Ousada ou contraditória, a forma de reação dos corpos violadores da ordem no filme? Poderíamos refletir: tornar o corpo belo/alto/aceito... , em um novo corpo, "anormal", é o caminho para aqueles que produzem e reproduzem os estereótipos de corpo "normal" e "anormal" mudem seus discurso? Ou tornar o outro igual a mim, "defeituoso, é estabelecer a ordem? Quem sabe... Será que foi essa a intencionalidade das "aberrações" de FREAKS? Ou tornar o outro corpo/padrão igual ao meu é uma lição/castigo? Se assim o for então também internalizei o discurso estereotipado e excludente da sociedade perfeita e assumo que sou realmente uma "aberração". Claro que o exercício da não internalização, produção e reprodução desse discurso é uma atividade complexa, pois quem disse que é fácil nadar contra a corrente? Não é simples se afirmar positivamente em uma sociedade que precisa de critérios de comparações.

Denise

DE QUÊ SE OCUPA O GEPAD? disse...

O filme é extraordinário para nos revelar o quanto temos dificuldade para lidarmos com o diferente. Mesmo quando Cleo se torna um "monstro", ela não é aceita porque o "diferente" foi imposto para aqueles que conviviam como "pares normais". Aceitamos somente aquilo e aqueles que consideramos "normais" e reafirmamos a cada instante o nosso horror pelo "diferente" que é aterrorizante por fugir dos padrões de normalidade.

Rafael Carvalho disse...

Ótimo texto Lu, para um ótimo filme.
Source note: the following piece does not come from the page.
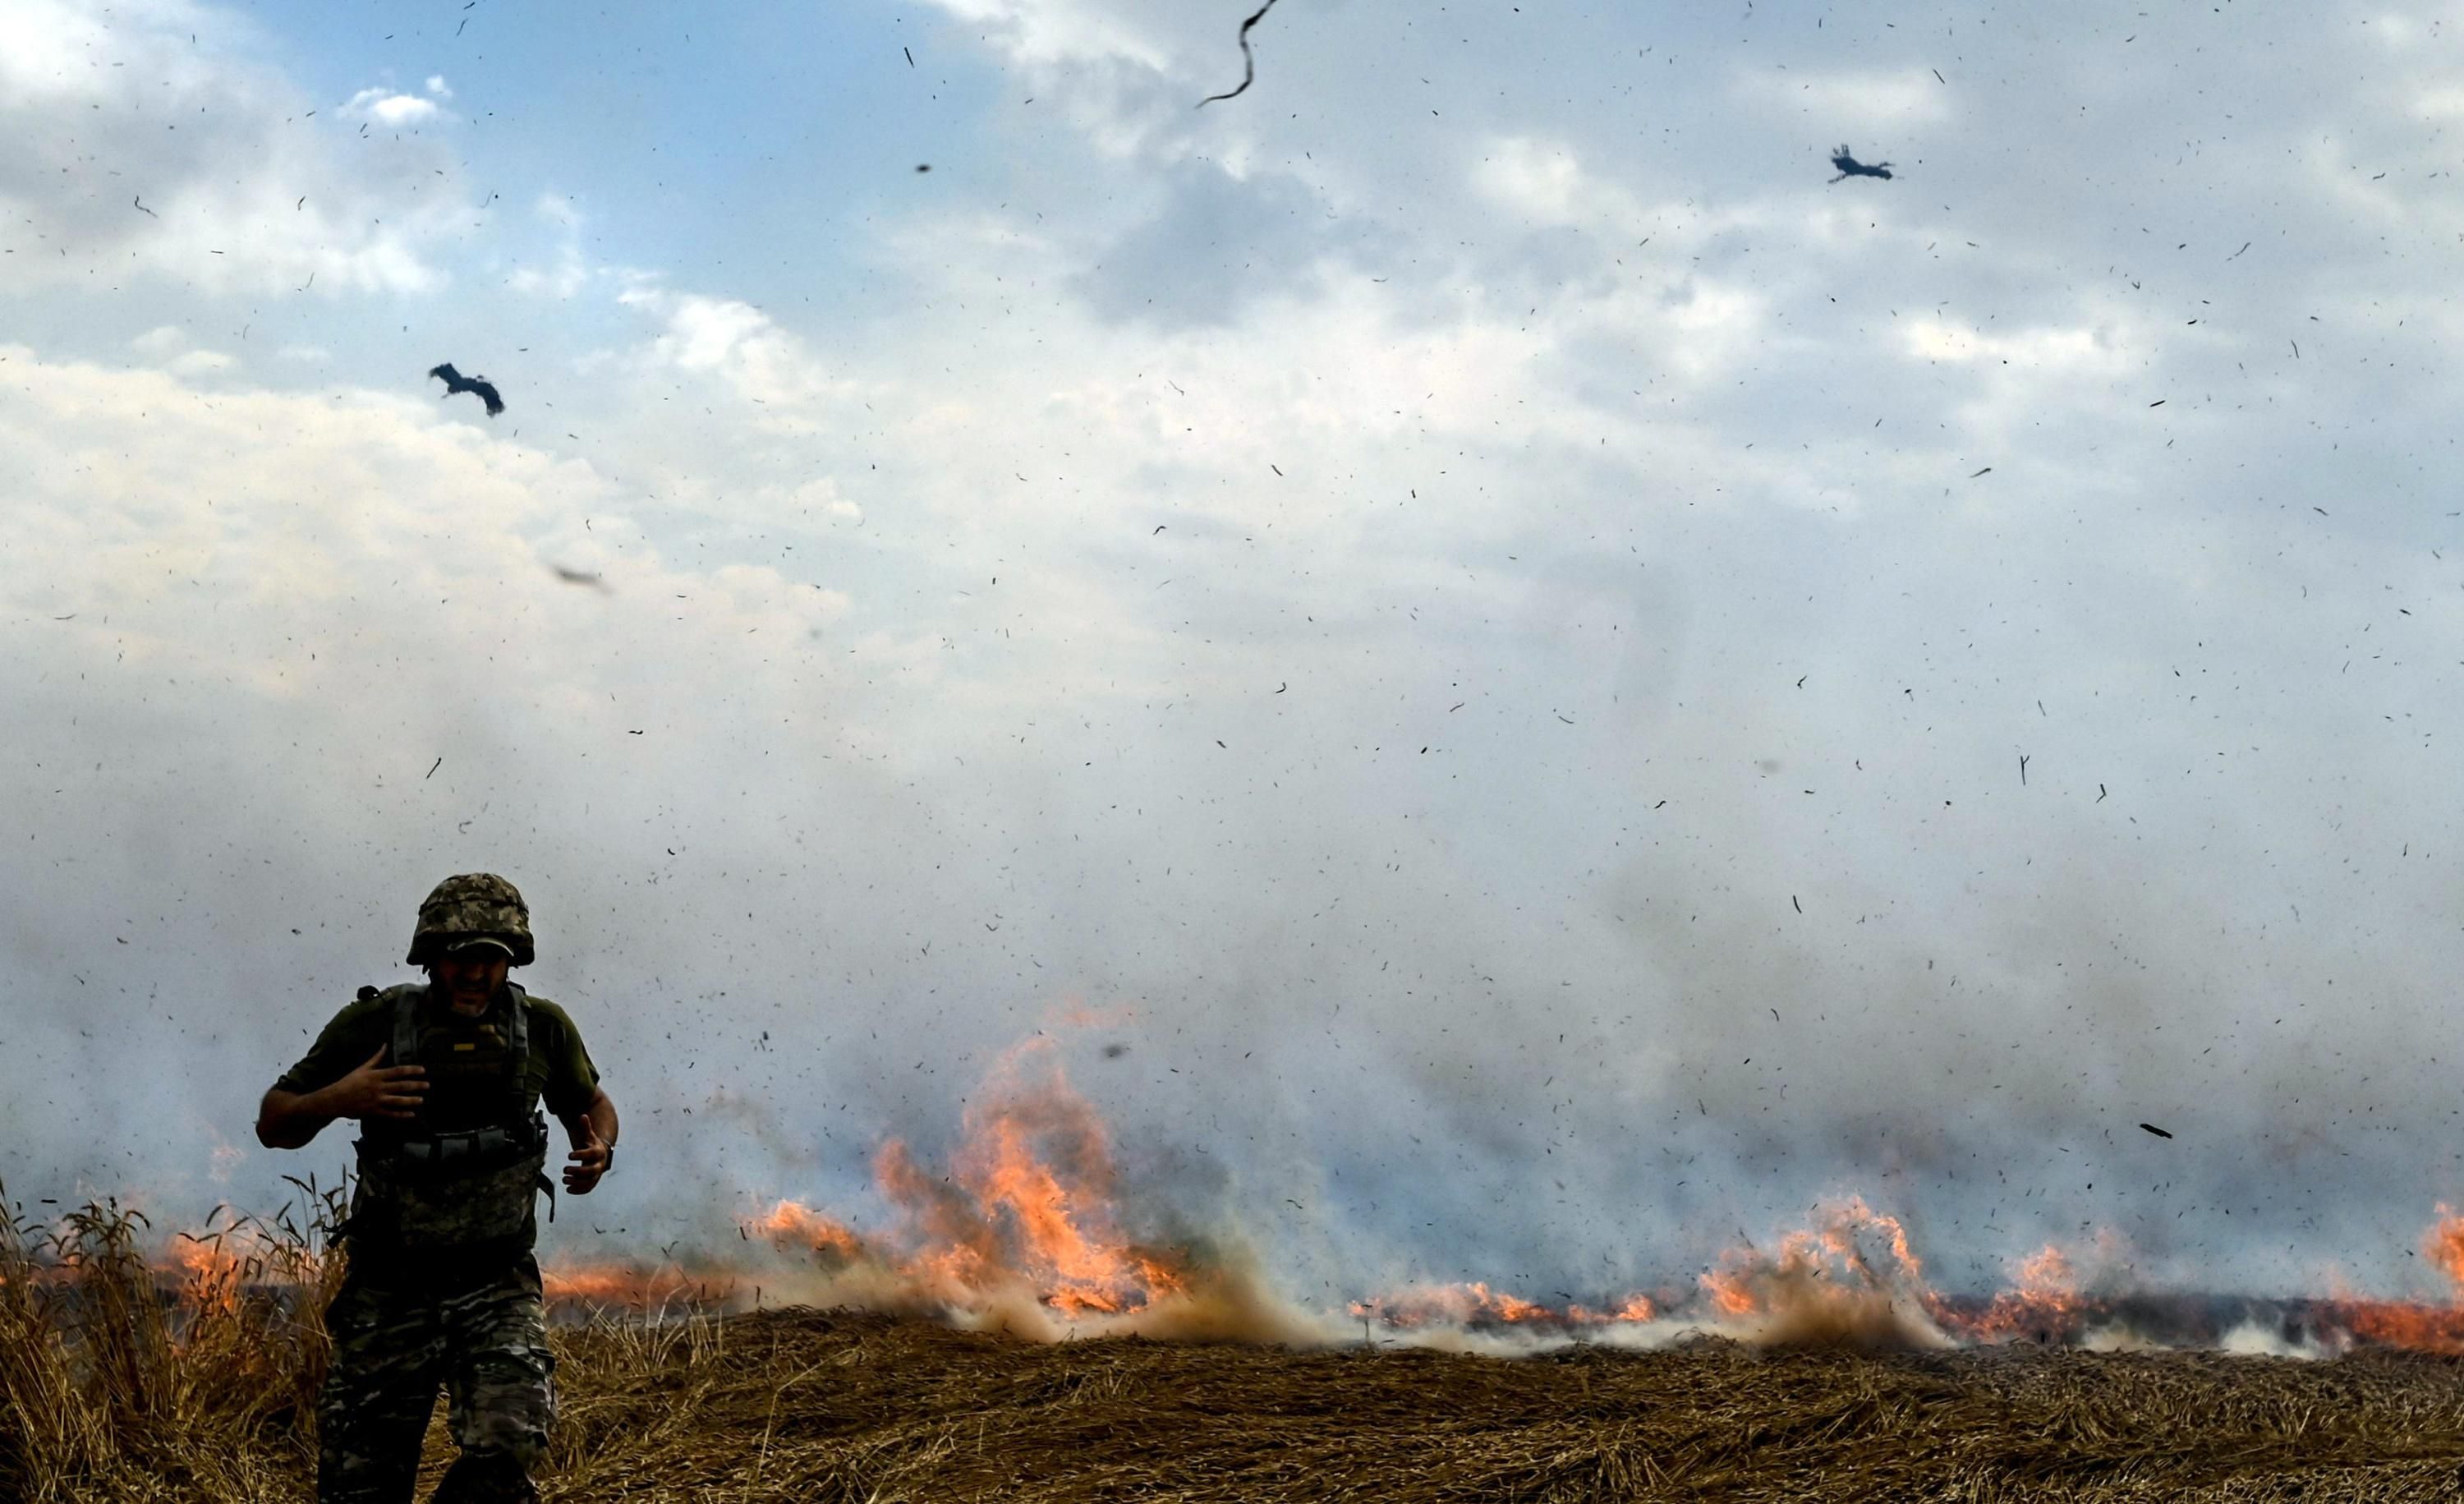 A wheat field burns in Ukraine

Ele mostra que os verdadeiros monstros estão escondidos mais pelas atitudes dos seres humanos do que propriamente pela suas características físicas. E se o filme foi feito na década de 30, é impossíve não pensarmos na nossa sociedade atual e os dogmas da beleza perfeita ditadas pela mídia. E também é possível pensar nas atrocidades cometidas pelas pessoas "normais", mas que são as verdadeiras aberrações.

Unknown disse...

Caros amigos.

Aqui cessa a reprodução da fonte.